为什么hypot()函数这么慢？答案

【问题标题】：Why hypot() function is so slow?为什么hypot()函数这么慢？
【发布时间】：2011-04-15 11:09:56
【问题描述】：

我用C++hypot()和JavaMath.hypot做了一些测试。它们似乎都比sqrt(a*a + b*b) 慢得多。是因为精度更高吗？计算斜边hypot 函数使用什么方法？令人惊讶的是，我在文档中找不到任何表现不佳的迹象。

【问题讨论】：

什么是“明显变慢”？你能量化这个值吗？你用过分析器吗？你运行了多少次测试？您能描述一下您的实验 (DOE) 吗？
在 Java 中它慢了约 7 倍，在 C++ 中慢了约 10 倍。在为即将到来的大学编程竞赛测试一个编程问题时，我们与我的同事独立发现了这一点。
@linuxuser27：以及对他的评论点赞的两个人，请查看 Ravi Gummadi +9 点赞的答案以获得启发。
当然。这是一个很好的答案，我为 9 做出了贡献。我的评论并没有粗鲁。我只是厌倦了关于 SO 的问题，这些问题在没有进行调查的情况下对速度和性能做出了极端的陈述。列昂尼德实际上能够给出一些因素，这意味着已经进行了尽职调查。我希望每个人在做出诸如“X 与 Y 相比太慢”之类的陈述之前都先完成这类工作，因为一半时间所做的只是观察花费了多长时间，而不是实际测量某些东西。
hypot 的糟糕表现在这个基准测试中也很明显：blog.juma.me.uk/2011/02/23/…

标签： java c++ hypotenuse

【解决方案1】：

这不是一个简单的 sqrt 函数。您应该检查此链接以了解算法的实现：http://www.koders.com/c/fid7D3C8841ADC384A5F8DE0D081C88331E3909BF3A.aspx

它有while循环来检查收敛

/* Slower but safer algorithm due to Moler and Morrison.  Never
         produces any intermediate result greater than roughly the
         larger of X and Y.  Should converge to machine-precision
         accuracy in 3 iterations.  */

      double r = ratio*ratio, t, s, p = abig, q = asmall;

      do {
        t = 4. + r;
        if (t == 4.)
          break;
        s = r / t;
        p += 2. * s * p;
        q *= s;
        r = (q / p) * (q / p);
      } while (1);

编辑（来自 J.M 的更新）：

Here 是最初的 Moler-Morrison 论文，here 是 Dubrulle 的一个很好的后续。

【讨论】：

如果这个函数比 sqrt 方法更好，我会很高兴举个例子。
@schnaader - 阅读链接页面，原因就在顶部（短版，天真的方法可能会在不应该的时候溢出）
这对于非常大的 x 和 y 值很重要。例如，如果 x 和 y 使得 x^2 + y^2 大于 MAX_DOUBLE，则 sqrt(x^2 + y^2) 版本将失败。但是，由于此方法不会产生比 x 或 y 大得多的值，因此在这些情况下应该是安全的。
遗憾的是，链接站点 koders.com 现在返回错误 403。
@alvherre：我更新了链接以指向 archive.org 上的最新快照，日期为 2010 年 7 月 10 日

【解决方案2】：

hypot() 与幼稚的实现sqrt(a*a+b*b) 相比，在避免中间计算中的上溢和下溢方面会产生开销。这涉及缩放操作。在较旧的实现中，缩放可能使用除法，这本身就是一个相当慢的操作。即使缩放是通过直接指数操作完成的，在旧的处理器架构上它也可能相当慢，因为在整数 ALU 和浮点单元之间传输数据相当慢（例如，涉及到内存的往返）。数据驱动的分支对于各种扩展方法也很常见；这些很难预测。

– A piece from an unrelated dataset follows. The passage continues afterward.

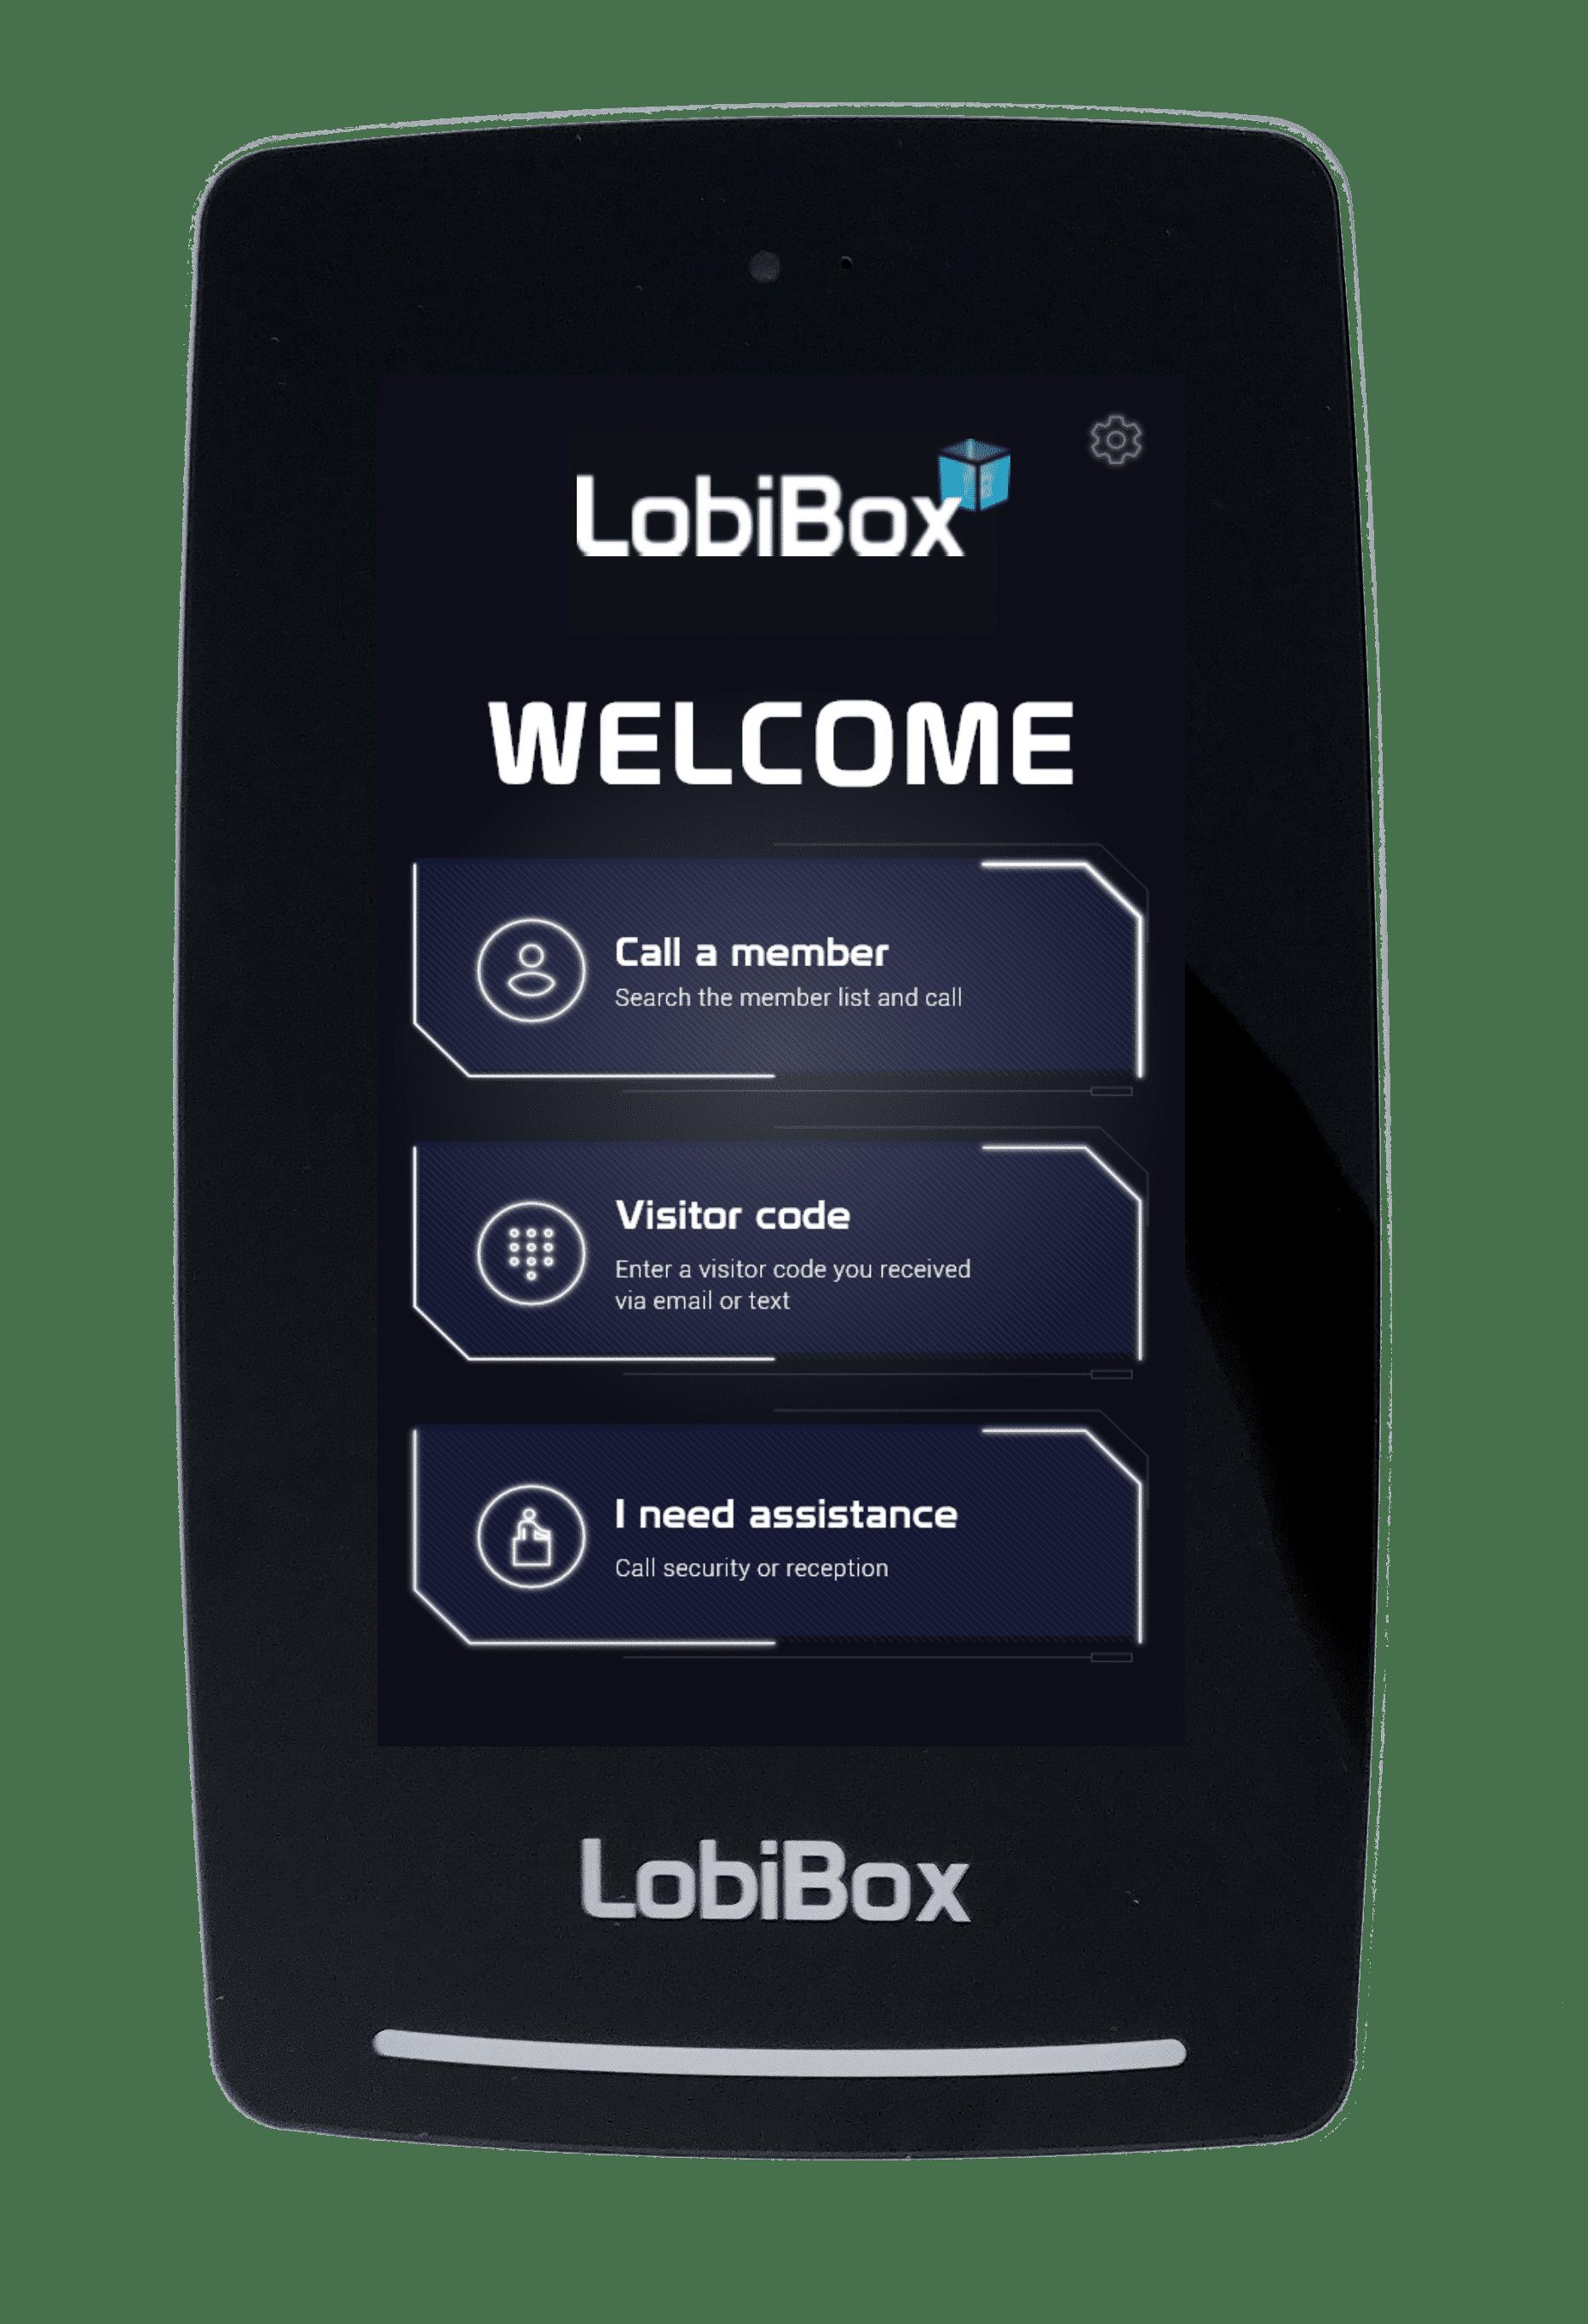 LobiBox Welcome Screen

数学库设计者的一个常见目标是实现对 hypot() 等简单数学函数的忠实舍入，即最大误差小于 1 ulp。与朴素解决方案相比，这种准确性的提高意味着必须以高于原生精度的方式执行中间计算。一种经典的方法是将操作数分成“高”和“低”部分并模拟扩展精度。这增加了拆分的开销并增加了浮点运算的数量。最后，hypot() 的 ISO C99 规范（后来被 C++ 标准采用）规定了对 NaN 和无穷大的处理，这些计算不会自然而然地脱离直接计算。

较早的最佳做法的代表性示例是 __ieee754_hypot() in FDLIBM。虽然它声称最大误差为 1 ulp，但针对任意精度库的快速测试表明它实际上并未实现该目标，因为可以观察到高达 1.15 ulp 的误差。

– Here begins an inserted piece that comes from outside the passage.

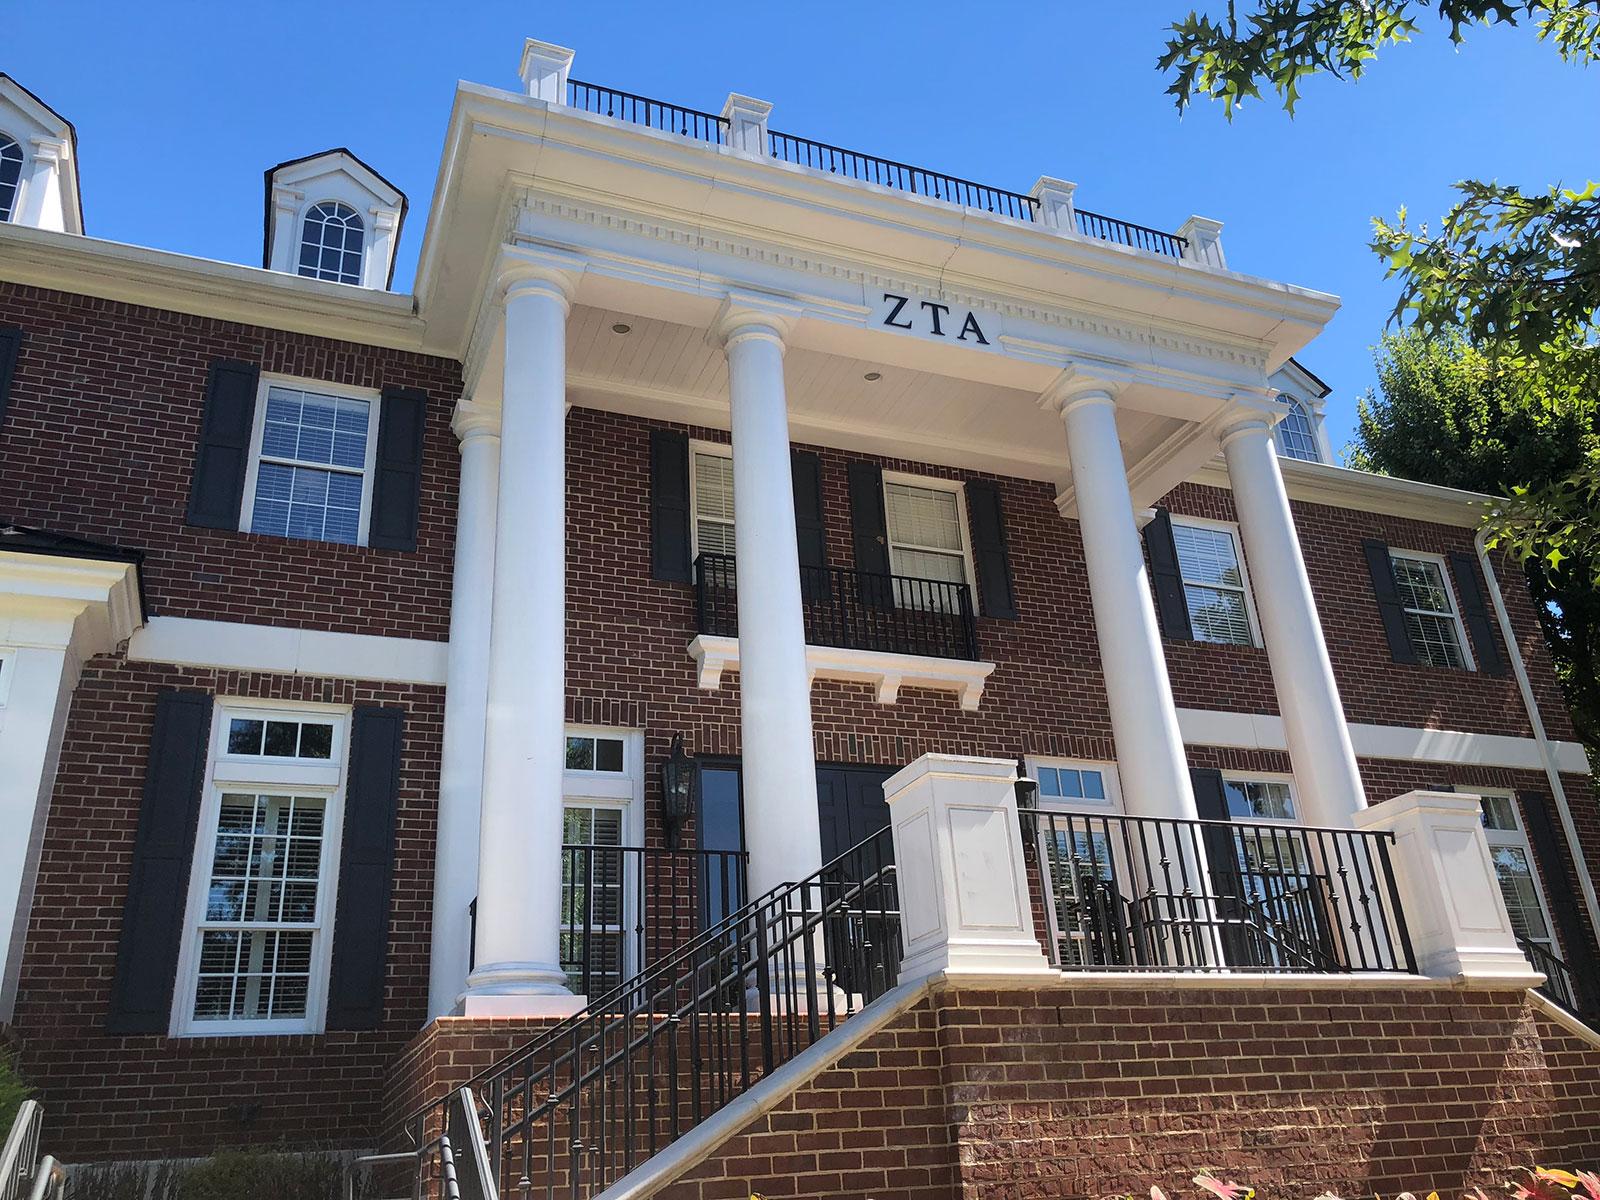 ZTA House, Georgia Tech

自从提出这个问题以来，处理器架构的两项进步使hypot() 实现更加高效。一个是引入了融合乘加 (FMA) 操作，它在内部使用完整的产品进行加法，并在最后只应用一次舍入。这通常减轻了在中间计算中模拟稍高精度的需求，并且通过将两个操作组合到一条指令中也可以提高性能。另一个架构上的进步是允许浮点和整数运算在同一组寄存器上进行操作，从而降低了浮点操作数的位操作成本。

因此，在现代高性能数学库中，hypot() 的吞吐量通常约为sqrt() 的一半，例如，英特尔为 MKL 发布的performance data 中可以看到。

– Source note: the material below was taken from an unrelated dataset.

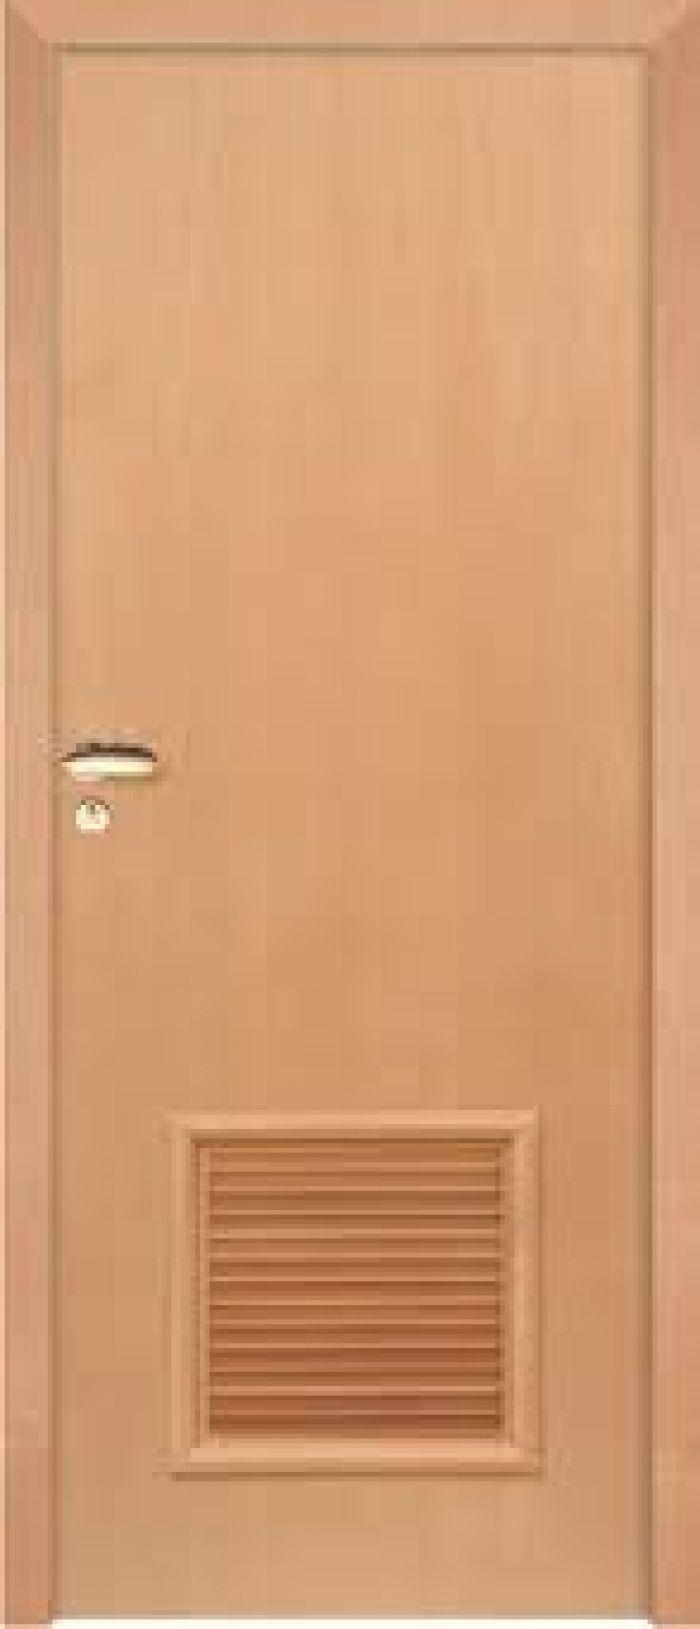 Porta interna lisa pralaca verniz 60 70 80 x 210 entrega 3 for Porta 1 20

对于自己的实验，最好从 hypot() 的单精度实现开始，因为这允许在所有可能的参数值的总组合中的较大部分进行测试。这也允许在使用许多现代处理器架构提供的低精度倒数平方根近似时探索速度和准确性之间的权衡。一种这样的探索的示例性代码如下所示。

请注意，ISO C99（以及扩展的 C++）对 fmin() fmax() 施加的 NaN 处理要求并不总是与浮点最小/最大机器指令的功能相匹配，从而使这些功能变慢比他们可能。由于下面的代码分别处理 NaN，因此应该可以直接使用此类机器指令。代码编译时应进行全面优化，但也要严格遵守 IEEE-754。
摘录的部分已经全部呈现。